Bayesian Generalized Linear Model

Perform a Bayesian test for differences between two (sub)groups on multiple binary outcomes using multinomial logistic regression as described in Kavelaars et al. (2024) .

Usage

bglm(
  data,
  grp,
  grp_a,
  grp_b,
  x_var,
  y_vars,
  x_method = c("Empirical", "Analytical", "Value"),
  x_def = c(-Inf, Inf),
  test = c("right_sided", "left_sided"),
  rule = c("All", "Any", "Comp"),
  w = NULL,
  b_mu0 = NULL,
  b_sigma0 = NULL,
  n_burn = 10000,
  n_it = 20000,
  n_thin = 1,
  n_chain = 2,
  start = c(0.5, 1),
  return_diagnostics = TRUE,
  return_diagnostic_plots = FALSE,
  return_samples = FALSE
)

Arguments

data: Data frame containing the data.
grp: Character string. Name of the grouping variable (will be treated as factor).
grp_a: Value of grp indicating first group.
grp_b: Value of grp indicating second group.
x_var: Character string. Name of covariate variable (currently supports single continuous or binary covariate)
y_vars: Character vector. Names of outcome variables (currently supports 2 outcomes).
x_method: Character. Method for handling covariate: "Analytical" (numerical integration), "Empirical" (empirical marginalization), or "Value" (specific value). Default is "Empirical".
x_def: Numeric vector. Defines subpopulation: length-2 vector c(lower, upper) for "Analytical"/"Empirical", or scalar for "Value". Default is c(-Inf, Inf).
test: Character. Direction of test: "left_sided" for P(A>B) or "right_sided" for P(B>A). Default is "right_sided".
rule: Character. Decision rule: "All" (all outcomes favor hypothesis), "Any" (at least one outcome favors hypothesis), or "Comp" (weighted combination). Default is "All".
w: Numeric vector. Weights for compensatory rule. Only used if rule = "Comp". If NULL and rule = "Comp", equal weights are used. Default is NULL.
b_mu0: Vector of prior means of fixed regression coefficients. Default is rep(0, P), where P refers to the number of columns in the model matrix.
b_sigma0: Prior covariance matrix (PxP) of regression coefficients. Default is diag(1e-2, P), where P refers to the number of columns in the model matrix.
n_burn: Integer.

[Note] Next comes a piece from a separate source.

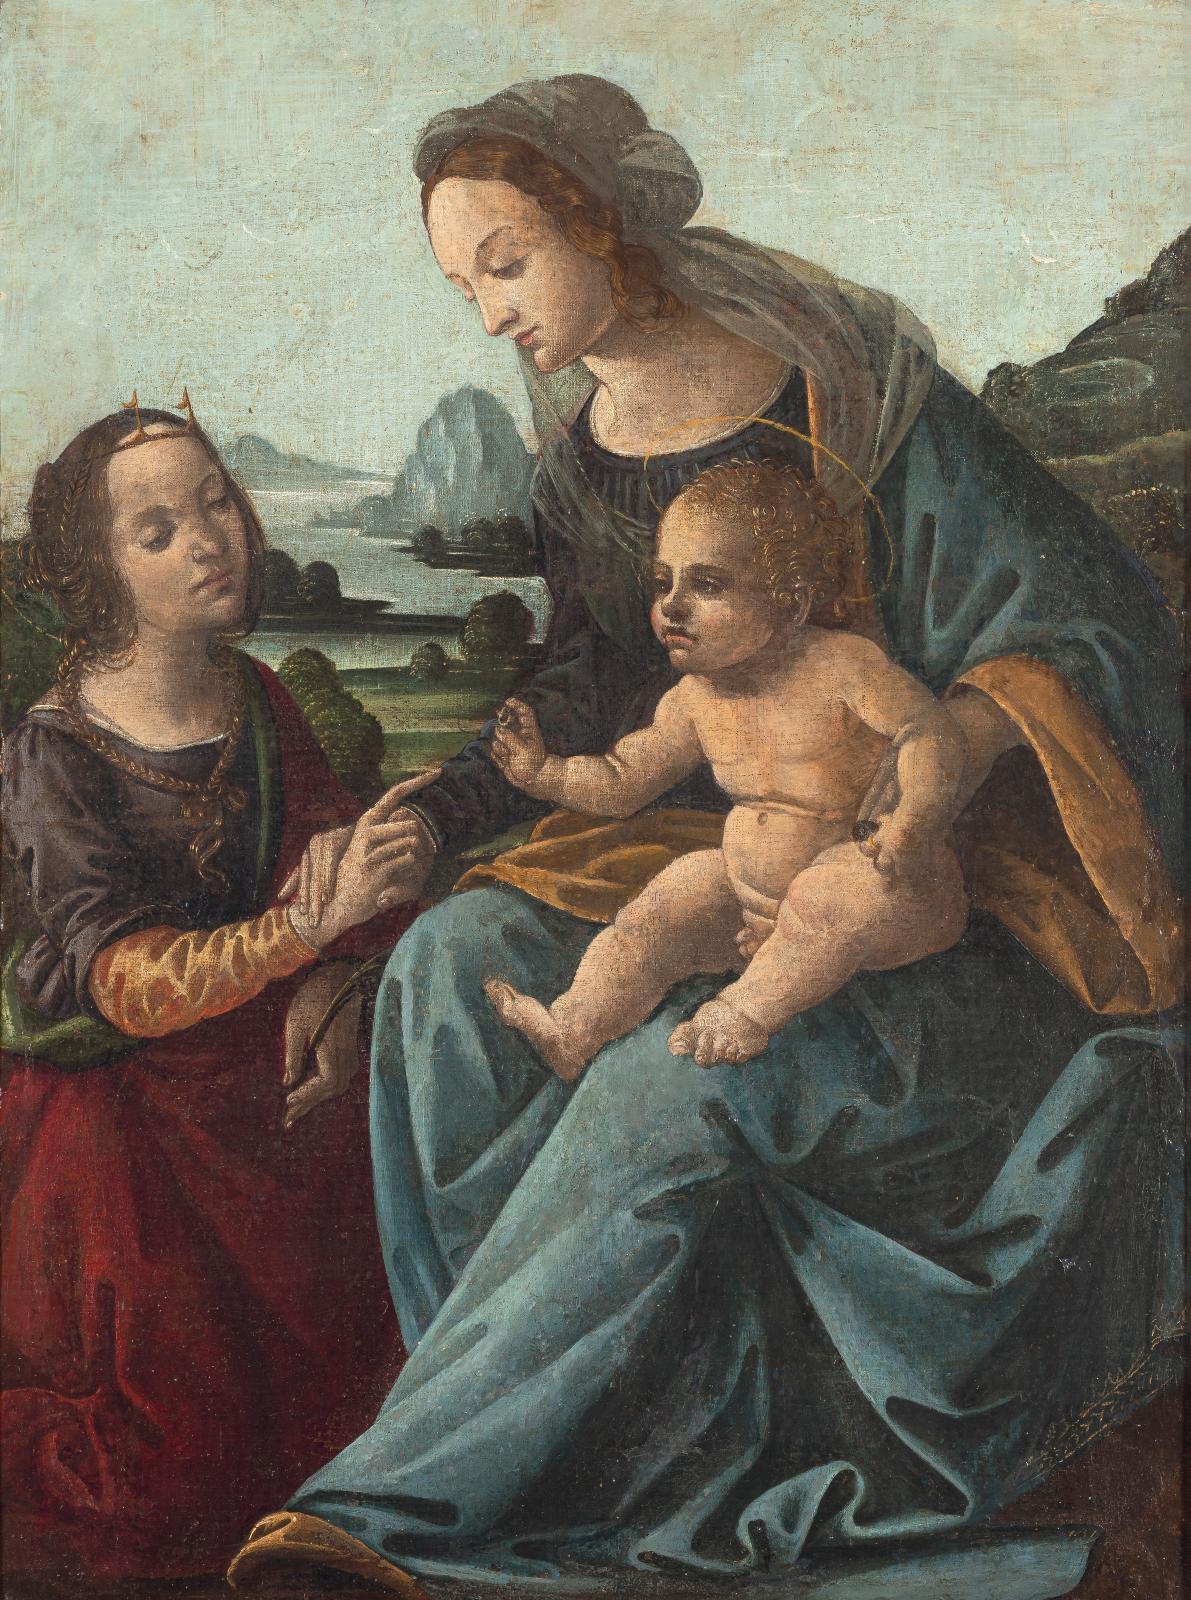 École florentine vers 1480, entourage d'Andrea del Verrochio, Le Mariage mystique de sainte Catherine, toile marouflée sur panneau, 60x4
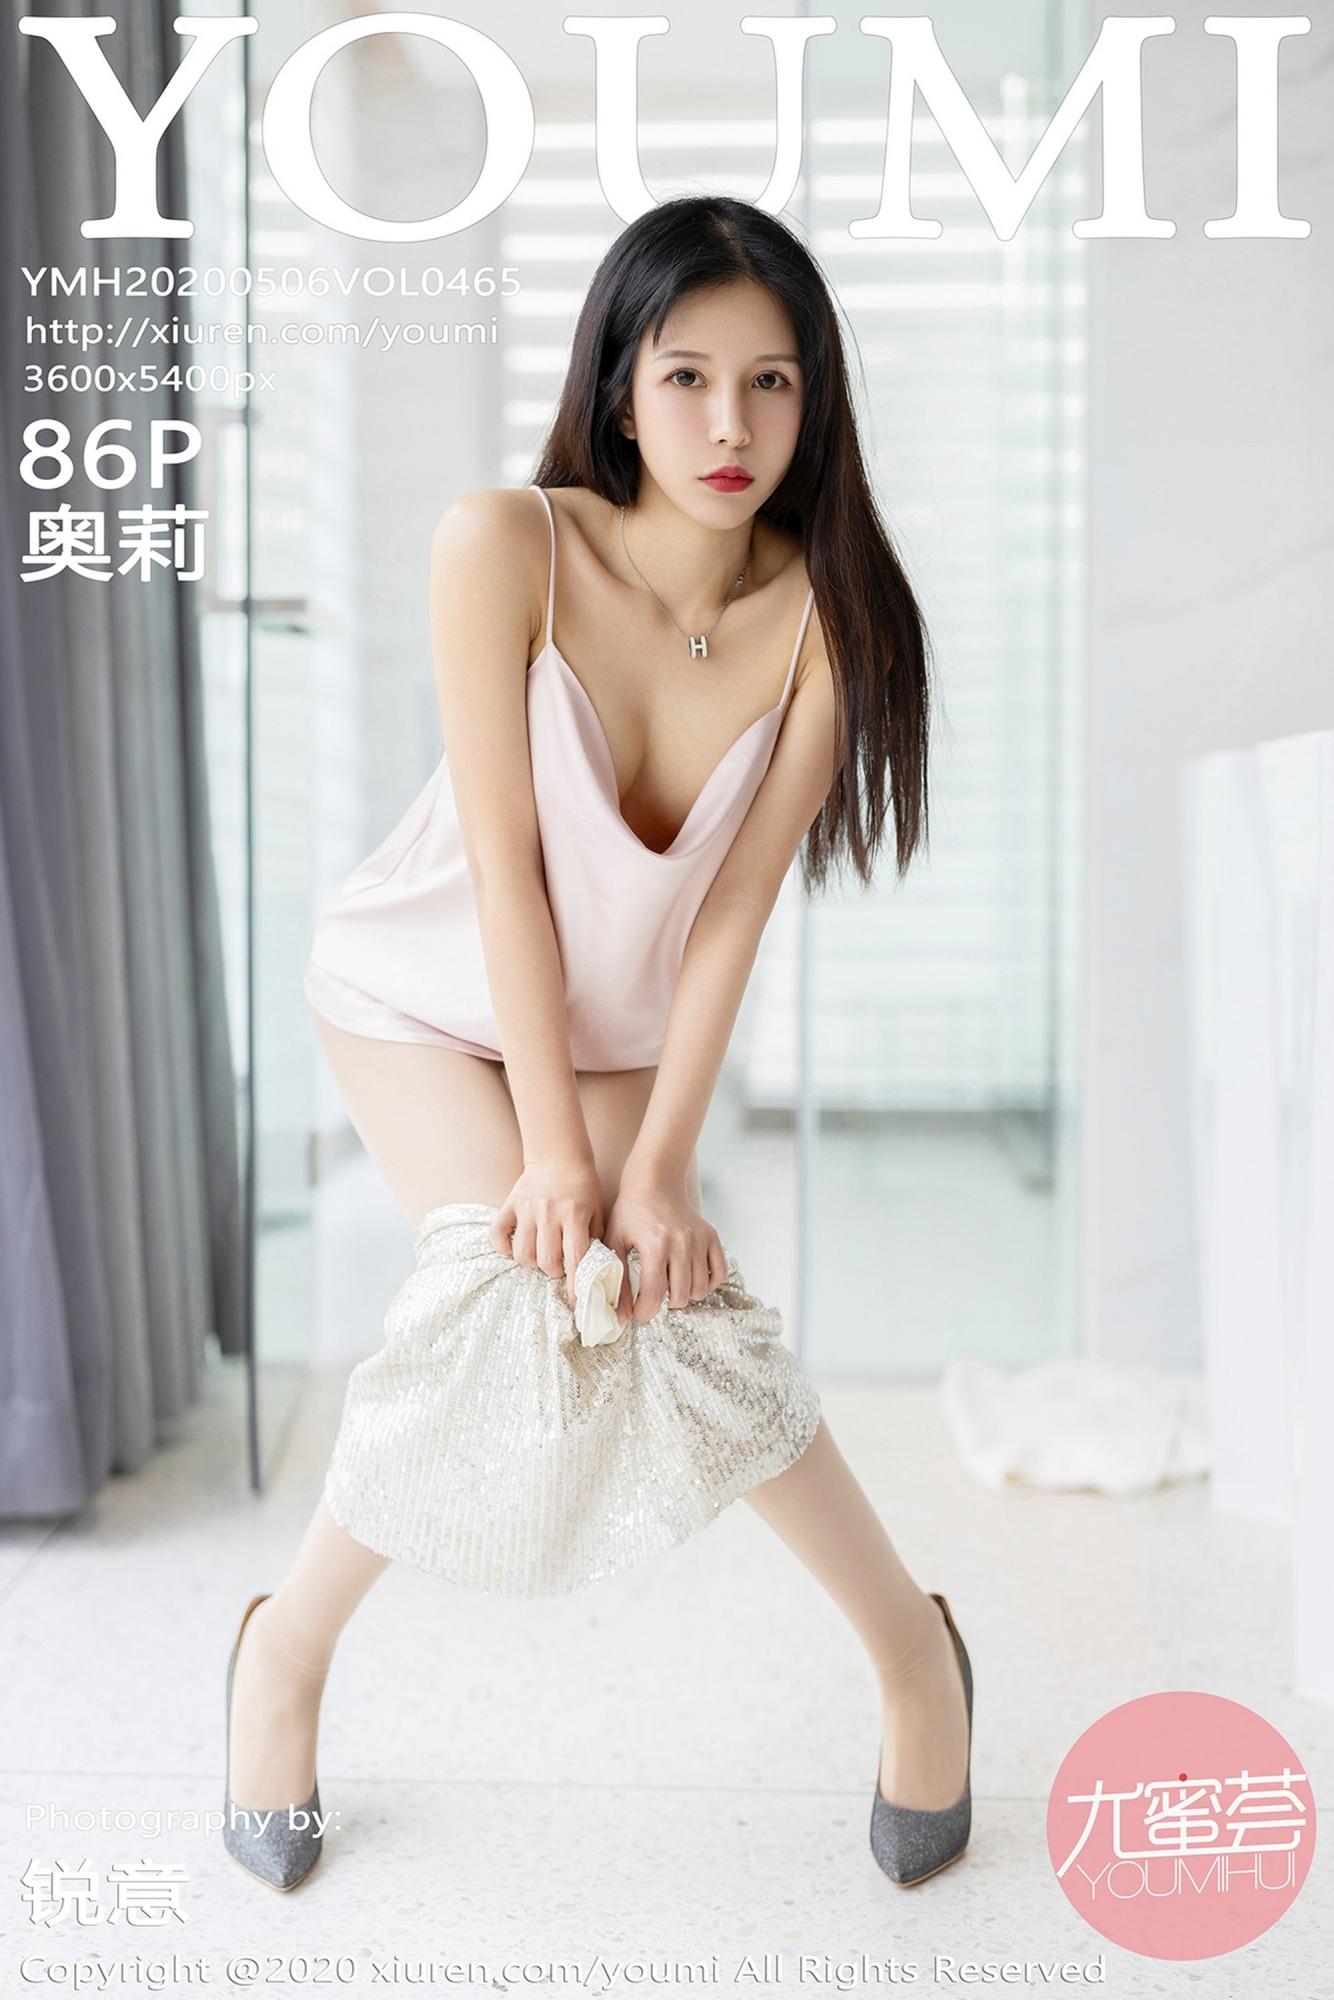 [YOUMI尤蜜荟] 2020.05.06 VOL.465 奧莉 粉色吊裙與朦胧絲襪 [86P] - 貼圖 - 清涼寫真 -

Number of burn-in iterations. Default is 10000.
n_it: Integer. Number of MCMC iterations. Default is 20000.
n_thin: Integer. Thinning interval. Default is 1.
n_chain: Integer. Number of MCMC chains to be sampled. Default is 2.
start: Numeric vector. Starting values for chains. Should have length n_chain. Default is c(0.5, 1).
return_diagnostics: Logical. Return MCMC diagnostics? Default is TRUE.
return_diagnostic_plots: Logical. Should MCMC chains for diagnostic plots (traceplots, autocorrelation, density) be returned? Default is FALSE. If TRUE, diagnostics are returned by default.
return_samples: Logical. Should posterior samples be returned? Default is FALSE.

Value

An object of class bglm, a list containing:

estimates: A list with posterior means and standard deviations of group probabilities (mean_a, mean_b, sd_a, sd_b), as well as posterior means (b) and standard deviations (b_sd) of the regression coefficients.
sample_sizes: A list with group sample sizes (n_a, n_b).
delta: A list with posterior mean differences (mean_delta), posterior standard errors (se_delta), posterior probability of the hypothesis (pop), and, if rule = "Comp", the weighted difference (w_delta).
info: A list with prior specifications, test settings, group labels, covariate handling method, and subpopulation definition.
diags: If diagnostics are requested, a list with MCMC diagnostic results for the regression coefficients.
samples: If return_samples = TRUE, a list containing posterior draws of theta_a, theta_b, delta, and regression coefficients.

References

Kavelaars X, Mulder J, Kaptein M (2024). “Bayesian Multivariate Logistic Regression for Superiority and Inferiority Decision-Making under Observable Treatment Heterogeneity.” Multivariate Behavioral Research, 59(4), 859–882. doi:10.1080/00273171.2024.2337340 .

Examples

# Example with simulated data
# Generate data
set.seed(123)
n <- 100

data <- data.frame(
 group = rep(c("A", "B"), each = n/2),
 x = rnorm(n),
 stringsAsFactors = FALSE
)

p1 <- p2 <- rep(NA, n)

for (i in 1:n) {
 grpB <- ifelse(data$group[i] == "B", 1, 0)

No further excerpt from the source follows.